In support of the Avalara SaaS suite of services, the Site Reliability Engineer is responsible for the security, compliance, reliability, and efficiency of our production systems. The team is responsible for maintaining service up-time in 24 x 7 environments, meet client expectations of accessible data services, and analyze the data in support of Tier2 client support tickets when requested.
The Site Reliability Engineer will enhance observability, troubleshoot Windows and Linux applications, create AWS infrastructure, write tools & automation, and impact the design of the future platform architecture. Additionally, the Senior Site Reliability Engineer develops support plans for all applications and adheres to those plans to provide the necessary level of production SLOs.
The Avalara product suite is a mix of Windows/SQL environments with a wide variety of additional open source applications present in a Linux environment. The role supports multiple projects and requires interactions and partnerships with teams and personnel from multiple business locations, skill sets, and backgrounds. As such, the position requires strong communication skills in addition to a solid foundation of technical skills, analytical abilities, and end-to-end troubleshooting techniques.

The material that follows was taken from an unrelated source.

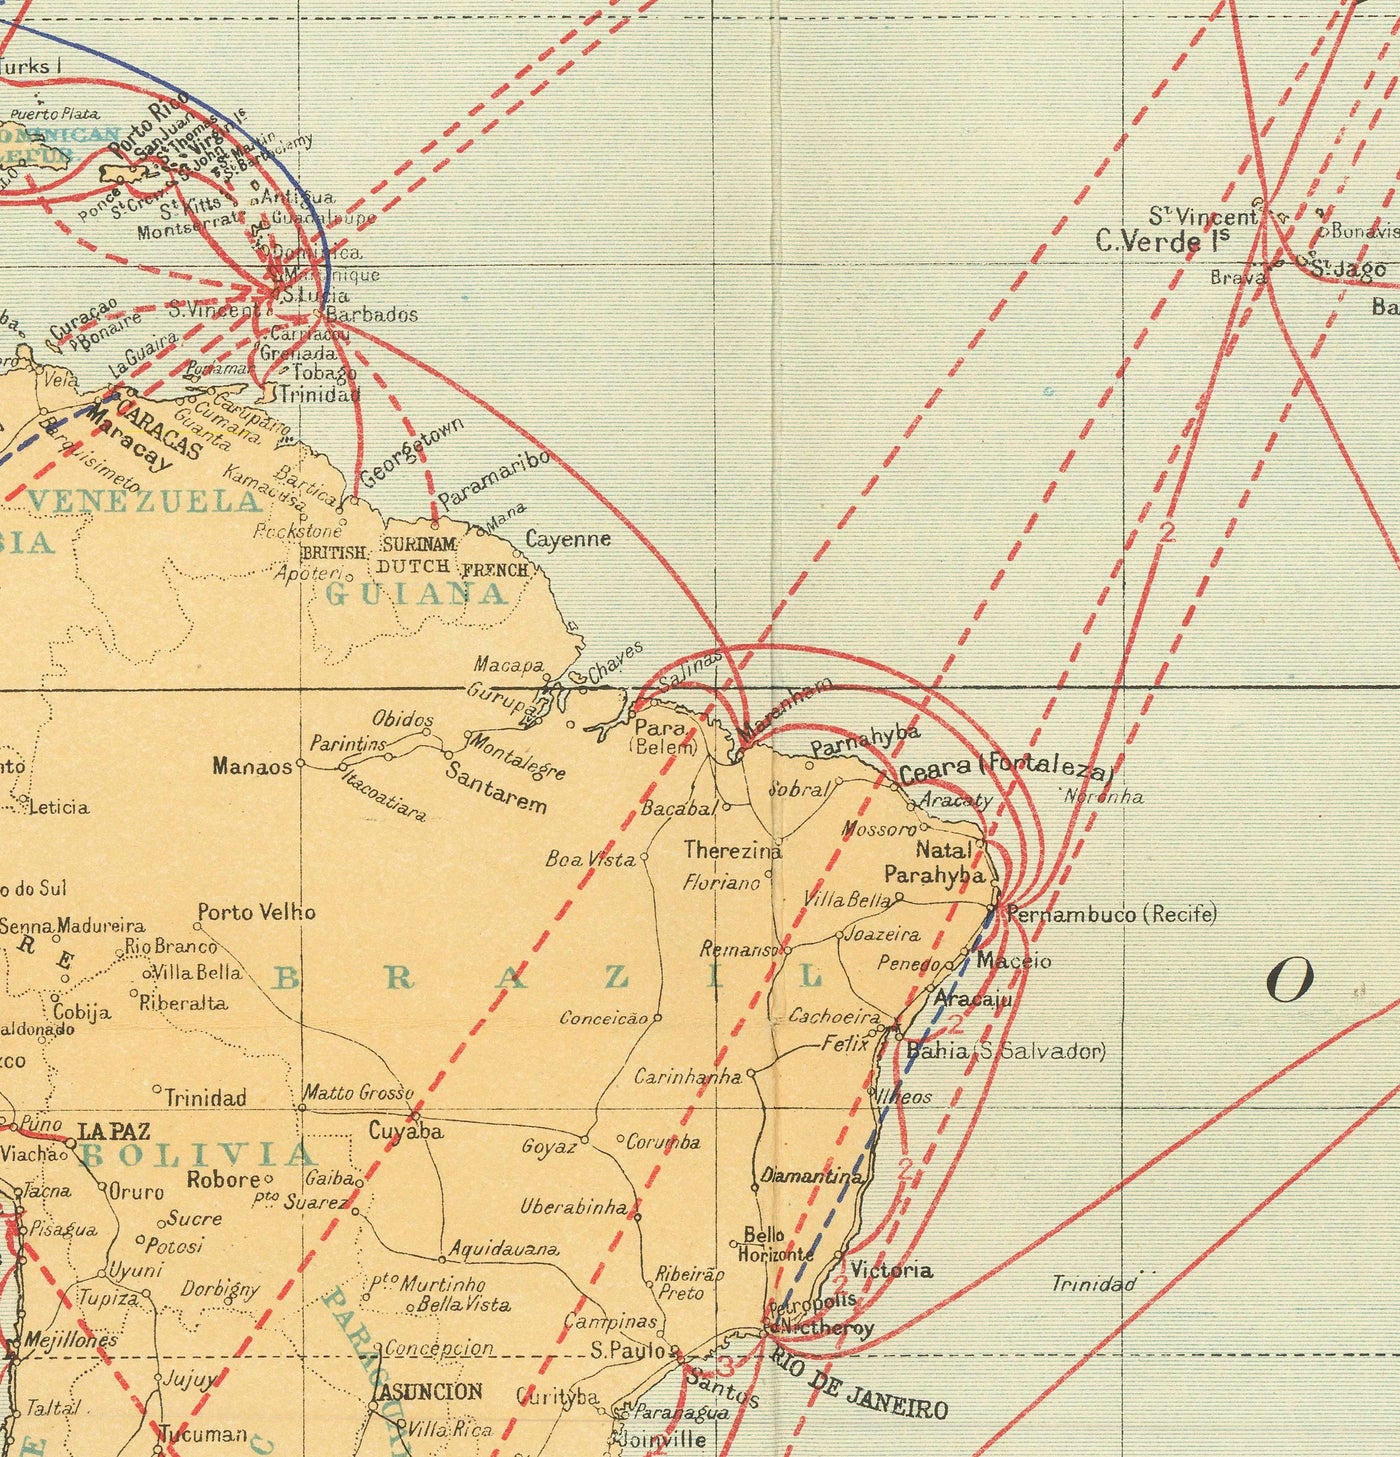 Mapa del mundo de cable antiguo e inalámbrico, 1938 - (muy temprano) Internet y tabla de telegrafía submarina

Essential Operational Engineering Skills:
- Recommend application changes to improve application performance
- Work with Development to transition applications from one platform to another when called for by the business
- Cloud Services experience with AWS, Azure or GPC
- Experienced in troubleshooting applications running on a Microsoft .NET Framework and .Net Core stacks or experienced in the LAMP stack. You must have strong experience in one and a willingness to learn the other.
- Provide technical escalation and share in the on-call rotation
- Work independently and as a team-player, as required for the project at hand
- Review existing processes and recommend changes or institute new processes as necessary, including the areas of monitoring, upgrades, and tuning, etc.
- Generate high-quality project documentation, such as architecture designs, implementation plans, design documents, test plans, etc.
- At least 5 years' experience in a SAAS operating environment.
- Deep expertise in the mentality, processes, and tools needed to deliver five nines SLAs.
- Strong working knowledge of Windows or Linux and it's underlying components, system statistics, performance tuning, file systems, and io.
- Experience with either .NET or Linux in AWS.
- Solid scripting skills in Powershell, Python, Bash, or Perl and history of automating workloads
- Experience with production deployment, monitoring and operational support for enterprise-class applications
- Experience in performance diagnostics, capacity planning, performance architecture design, performance tuning, performance monitoring
- Experience working with load balanced high-traffic solutions/services.
- Experience in SQL and database services
- BS in Computer Science or equivalent with 5-8 years of relevant work experience
- Good verbal and written communication skills
Technologies you are likely to be working with: AWS, GitLab, Atlassian suite, Powershell, Python, Terraform & HashiCorp suite, Jenkins, Packer, C#, SumoLogic, CloudHealth, Grafana, Prometheus, HAproxy, RabbitMQ, SQL, Windows, Linux, Docker and containerization technologies etc.
- Can do attitude, no problem is too big or too small.
- A desire to delight customers.
- A systematic problem solver, with the ability to think outside the box.
- Good data analysis skills to pick up trends before they become major problems.
- Previous experience as an enterprise class Site Reliability Engineer
- A strong mix of Software Engineer and Operation Support skills.
- Desire to learn new technologies and programming languages.